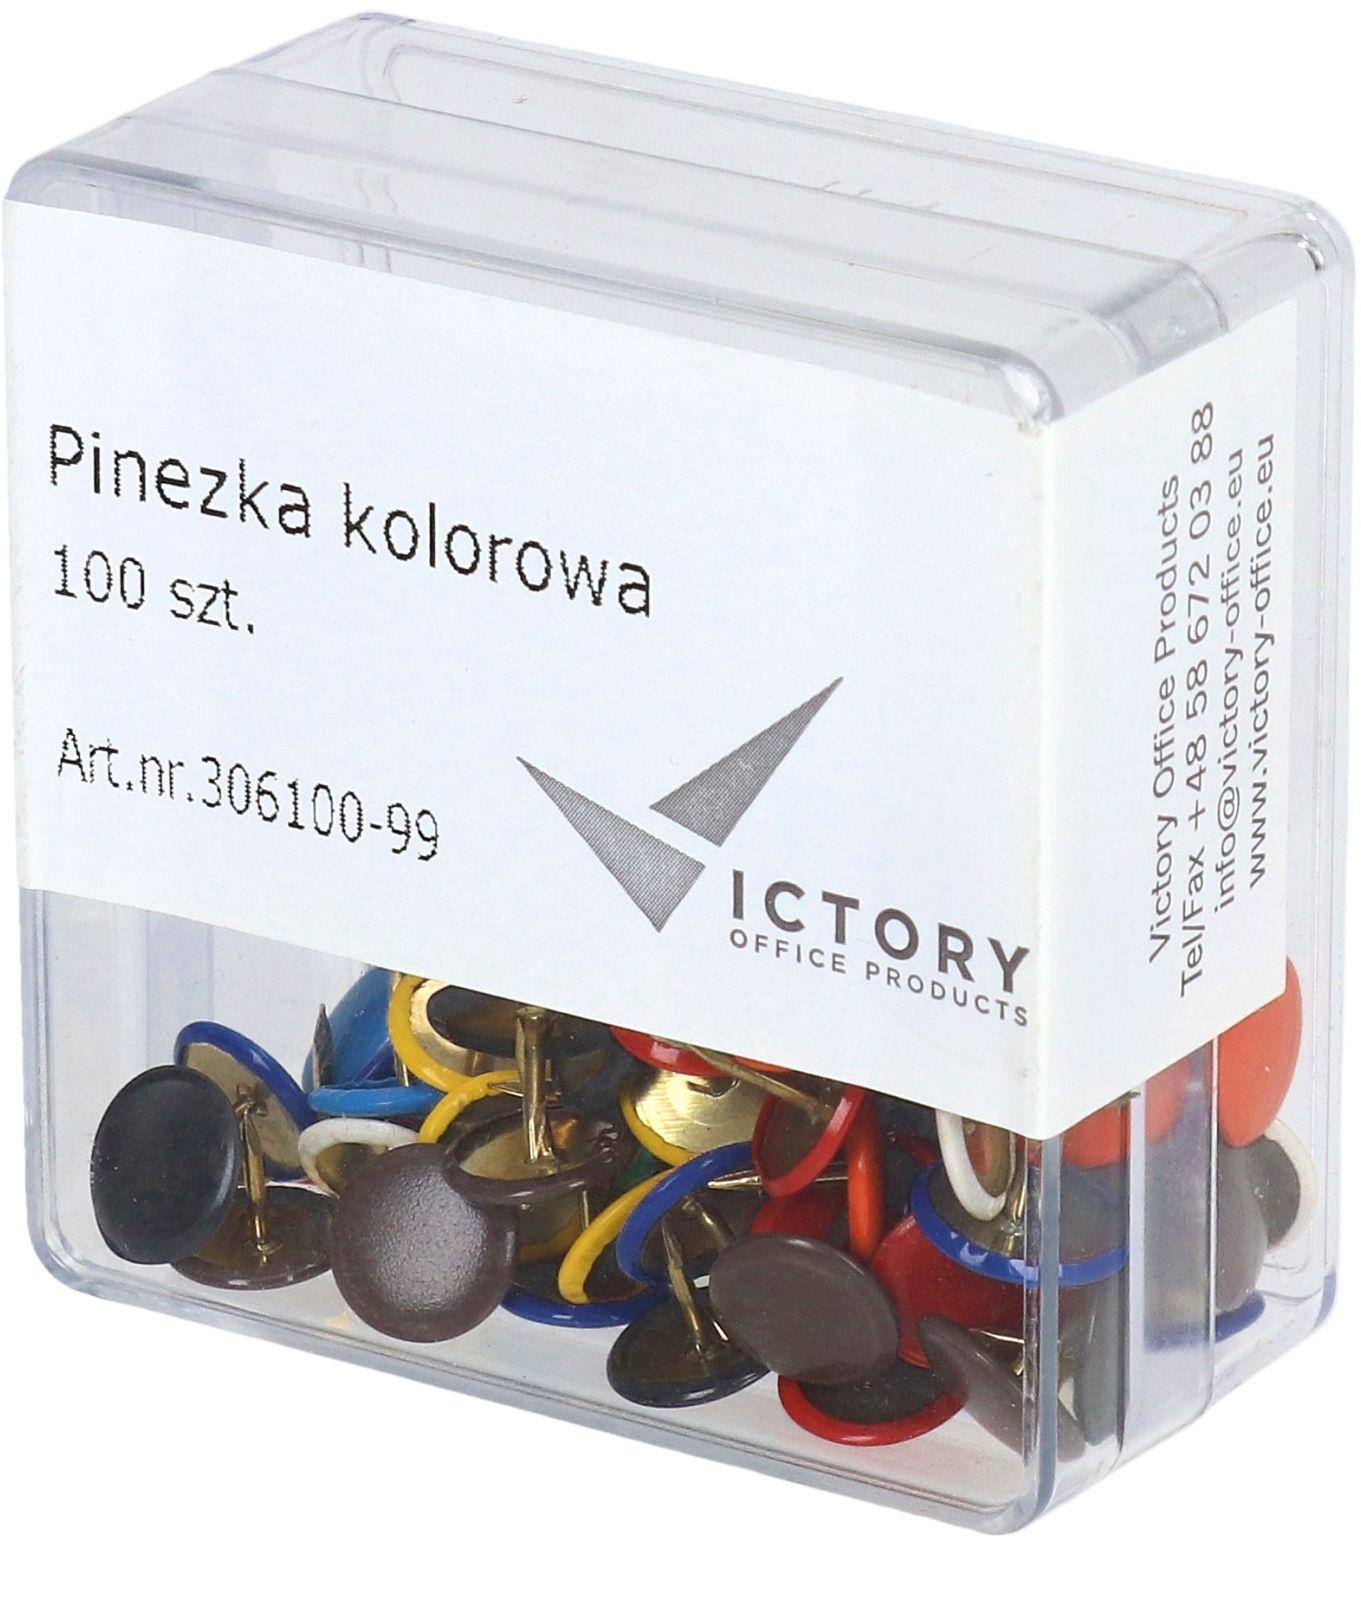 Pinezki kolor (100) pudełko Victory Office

· · · ·

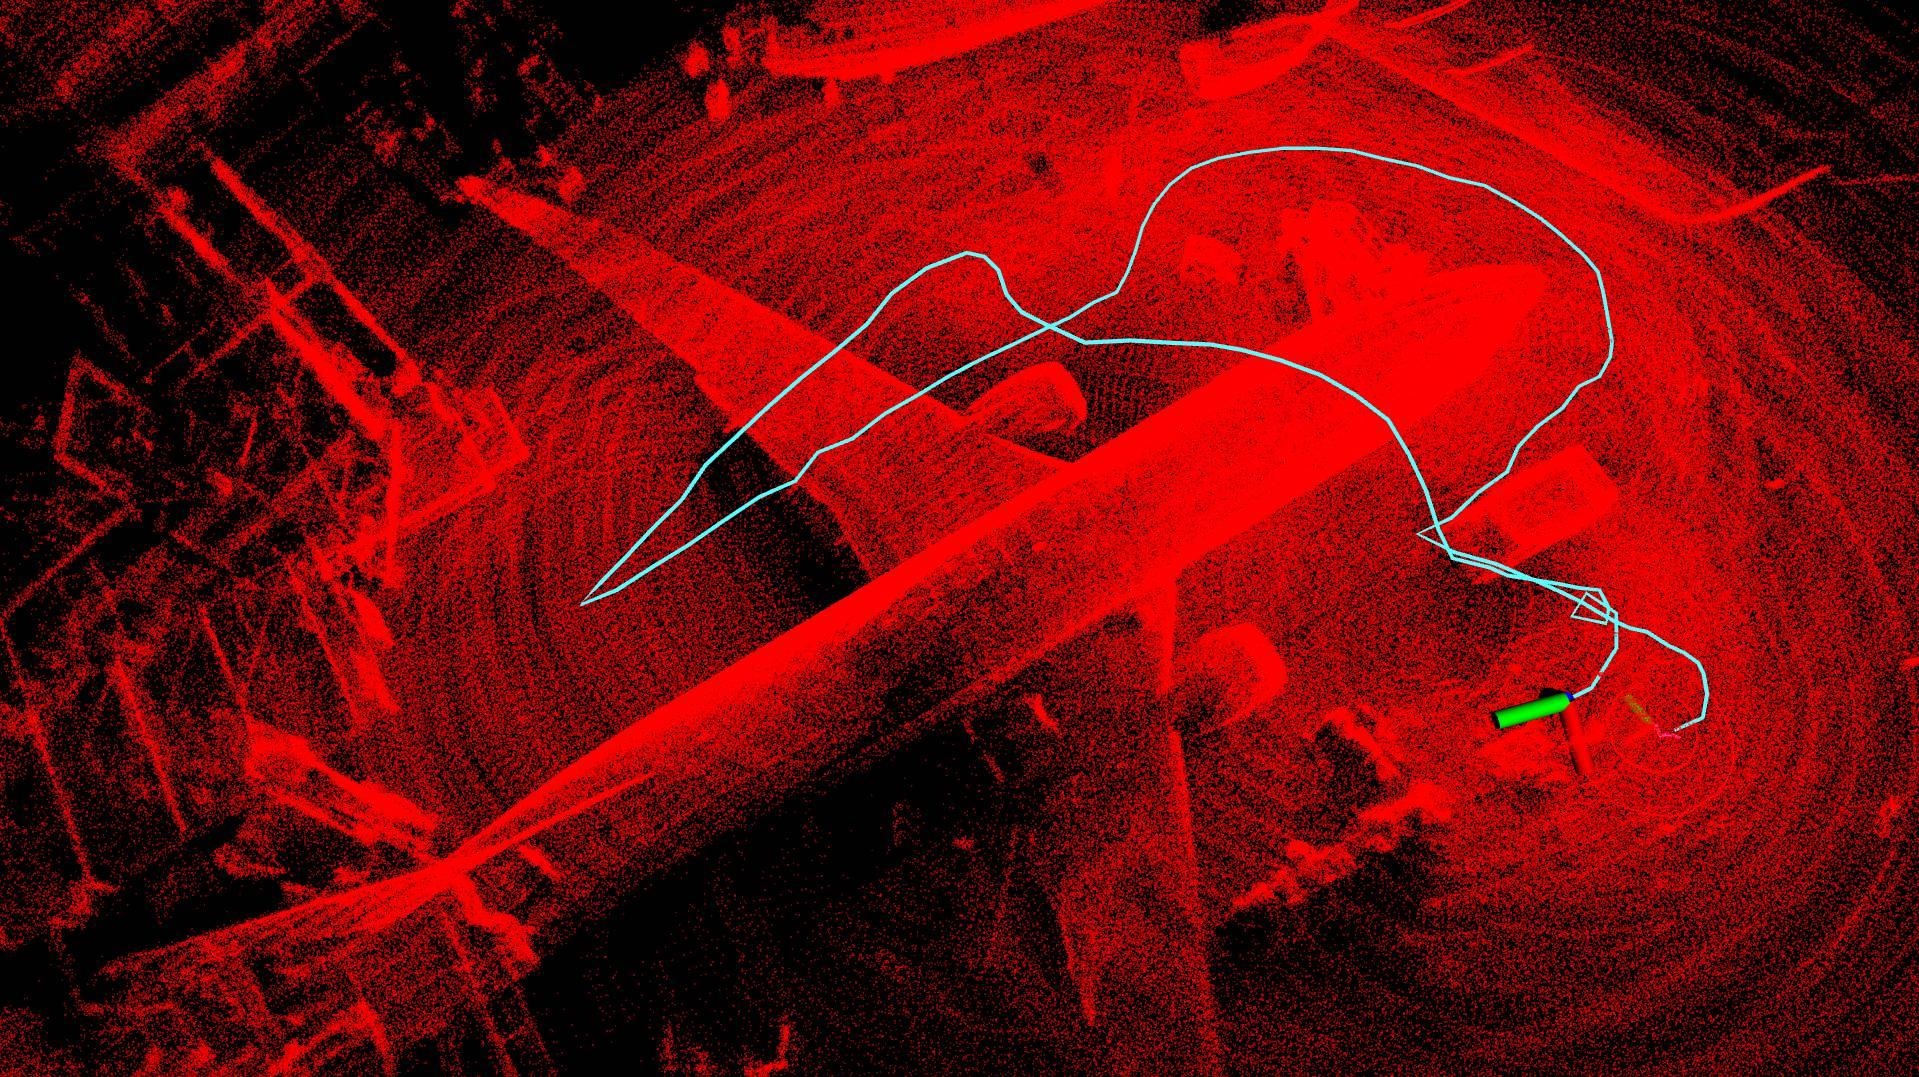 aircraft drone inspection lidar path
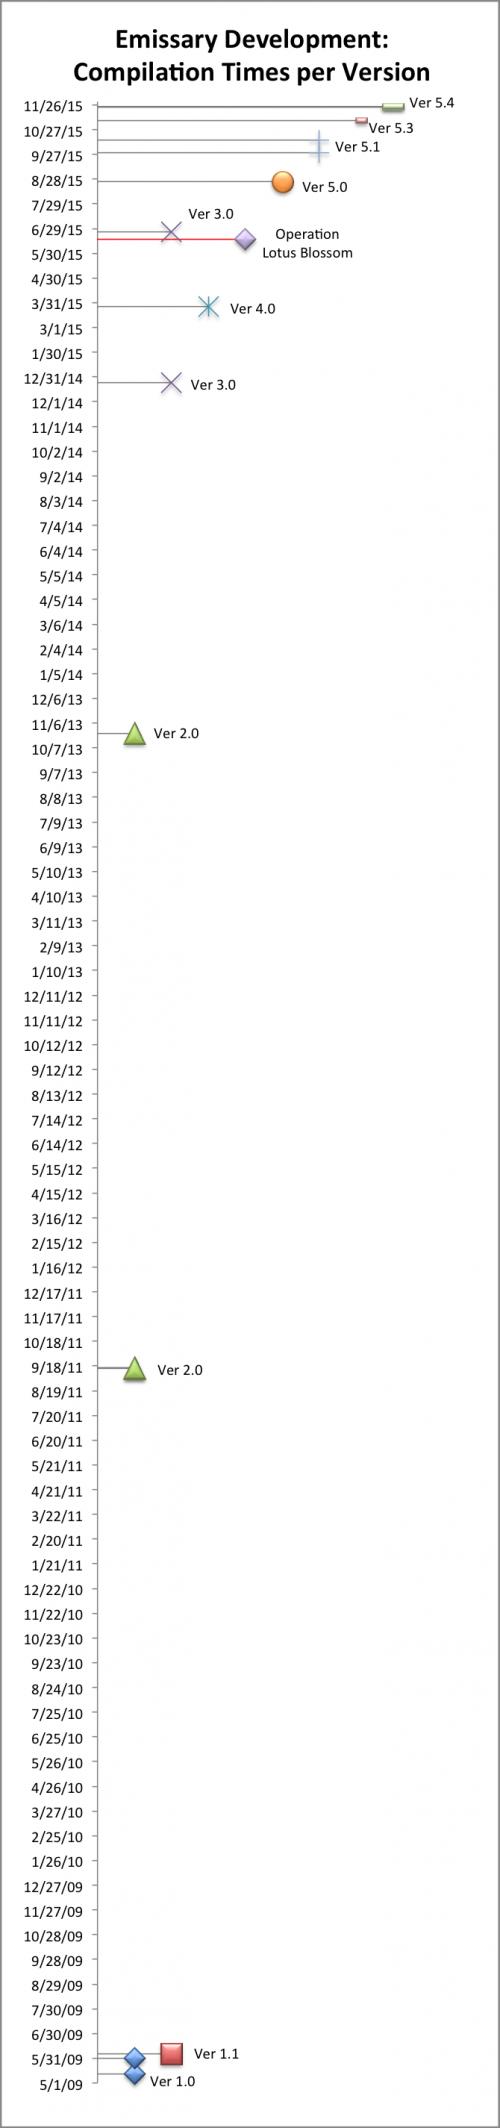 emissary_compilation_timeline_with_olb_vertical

· · · ·

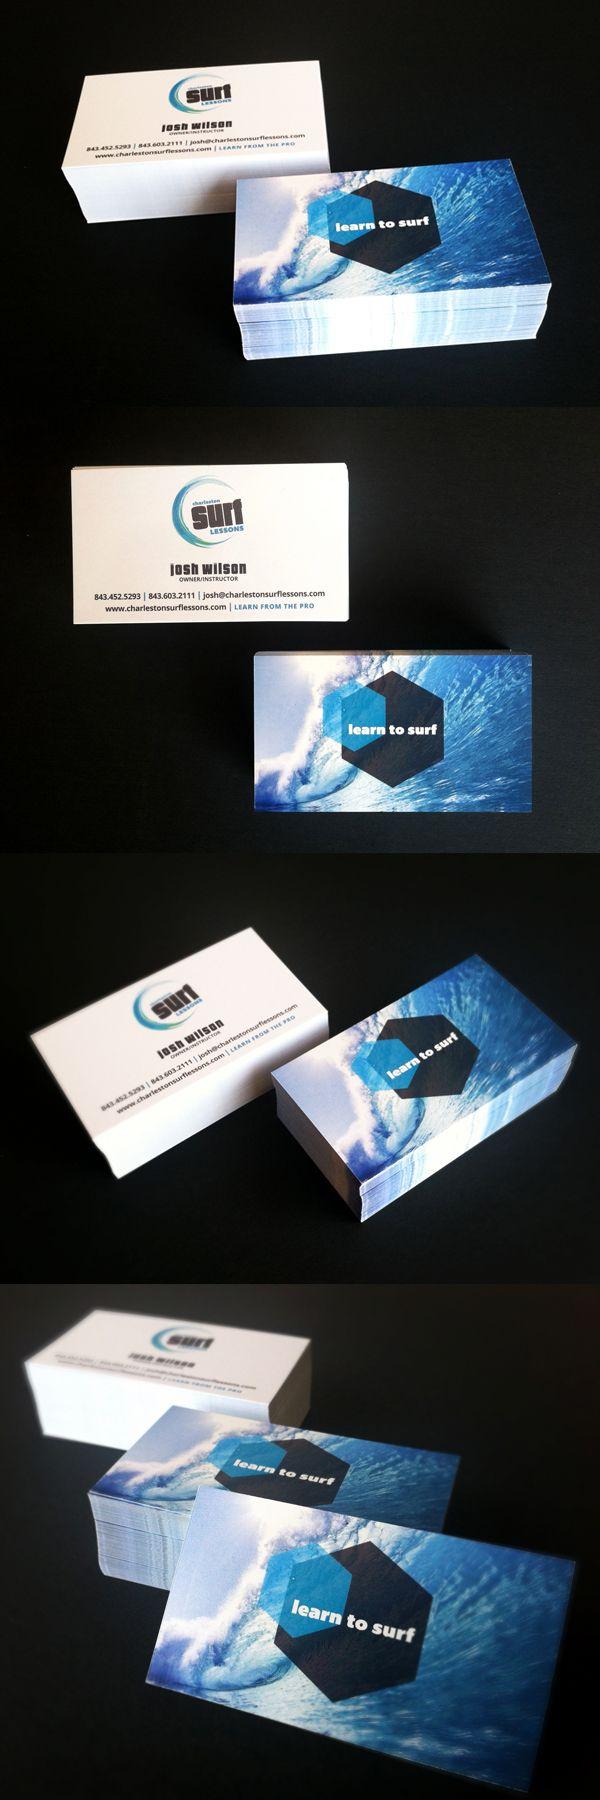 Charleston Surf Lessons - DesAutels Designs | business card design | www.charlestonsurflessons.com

· · · ·

PROBLEM TO WORK ON = From the data above, retype only the lines starting with the line with "aircraft drone inspection lidar path" and going on through the line with "emissary_compilation_timeline_with_olb_vertical", exactly, leaving out the pictures.

ANSWER SPACE =
 aircraft drone inspection lidar path
 emissary_compilation_timeline_with_olb_vertical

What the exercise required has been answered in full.